元・副会長のCinema Days

映画の感想文を中心に、好き勝手なことを語っていきます。

「悪は存在しない」

2024-05-31 06:28:55 | 映画の感想(あ行)
 国際的には高く評価される濱口竜介監督だが、私は彼の作品を良いと思ったことは一度も無い。とはいえ本作は上映時間が106分と、前作「ドライブ・マイ・カー」(2021年)みたいな犯罪的な長さではなく、社会派っぽい題材を扱っている点をも勘案して鑑賞することにしたのだ。しかし、やっぱり結果は“空振り”である。何のために撮られた映画なのか、その意図すら判然としない。

 長野県水挽町は自然豊かな高原に位置しており、しかも首都圏から近いために移住者は増えつつある。昔からこの地に住んでいる巧は、小学生の娘である花と共に自給自足に近い生活を送っていた。そんな中、水挽町にグランピング場の設営計画が持ち上がる。デベロッパーは政府からの補助金を得た芸能事務所だ。しかし、将来的に水源が汚染される危険性が発覚し、町内に動揺が広がる。



 冒頭、鬱蒼と茂る林を仰角で捉えたショットが延々と続く。そして次に巧が薪割りをするシーンが映し出される。正直、この時点で鑑賞意欲が減退した。別に映像は美しくないし、何のメタファーにもなっていない。弛緩した時間が流れるだけだ。巧の生活パターン自体が面白いものではなく、花を下校時に迎えに行く日課も(これが終盤の伏線のつもりかもしれないが)だから何だと言わざるを得ない。

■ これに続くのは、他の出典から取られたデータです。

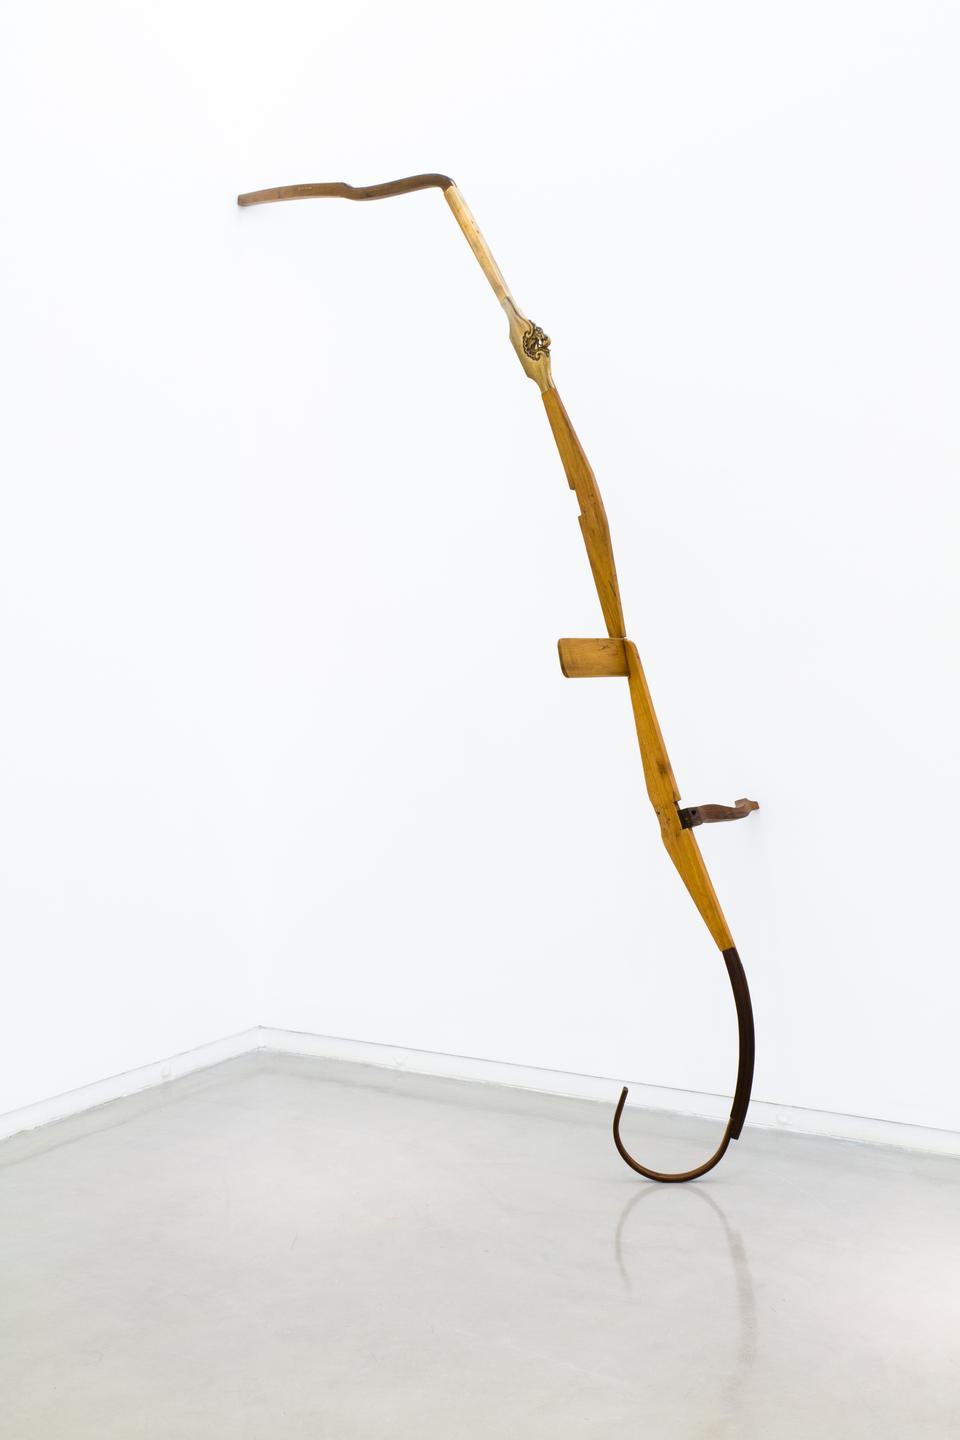 “Retorno”, 2012, madeira, 254 x 182 x 69 cm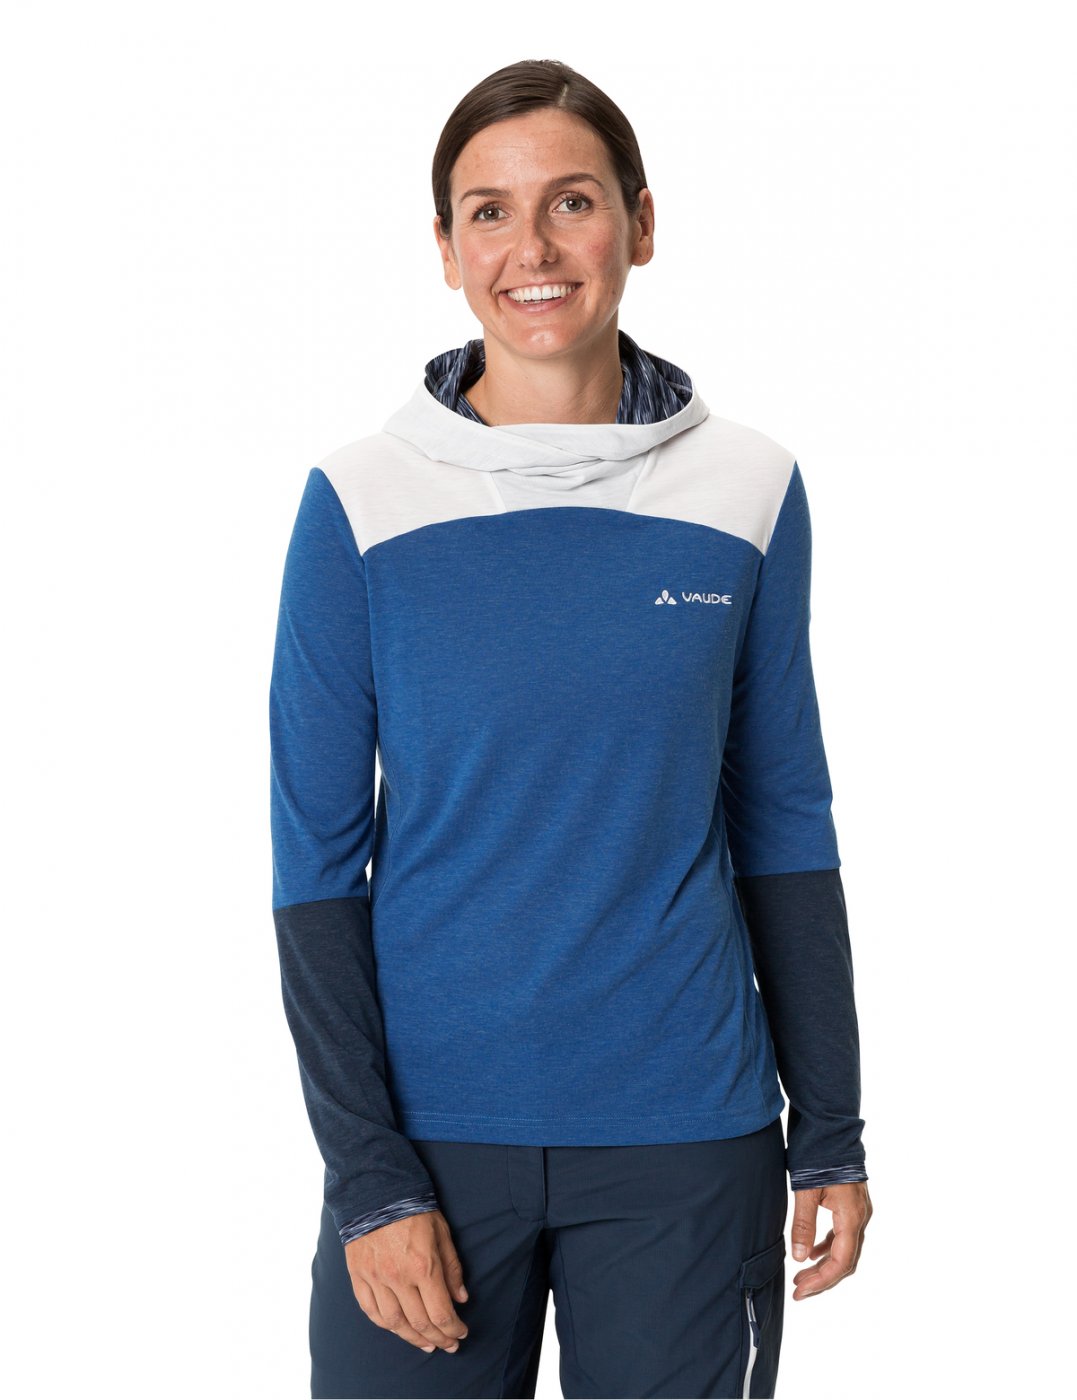 LS Tremalzo - Damen Shirt ultramarine. Shirt Mtb Women\'s Vaude

 そもそも、開発業者による住民たちへの説明会のくだりが噴飯物だ。通常、こういうプロジェクトの発表会は自治体の担当責任者と、開発側の幹部が列席するのが常識だ。ところがこの映画の中では、事務所からは現場担当者2人しか来ないし、町役場の人間もいない。開発業者の社長も発案者の経営コンサルタントも顔を見せない。一体これは何の茶番なのだろうか。

 それから先は開発業者の社員2人と巧との、微温的でどうでも良いやり取りが延々と続く。ディベロッパーの幹部の悪辣さや経営コンサルタントのいい加減さが殊更クローズアップされるわけでもなく、ストーリーが迷走したままラスト近くには意味不明の“トラブルらしきもの”が差し出され、唐突に終わる。こんな建て付けのドラマに「悪は存在しない」なる思わせぶりなタイトルを付けて、作者はいったい何をしたかったのだろうか。そもそも、グランピング場の建設に伴う環境アセスメントの精査さえ具体的に成されていない有様だ。

 巧に扮する大美賀均をはじめ、西川玲に小坂竜士、渋谷采郁、菊池葉月など、キャストは無名の者ばかり。もちろんそれが上手く機能していれば良いのだが、どう見てもサマになっていない。濱口監督がインスピレーションを受けたという石橋英子の音楽にしても、あまり印象に残らず。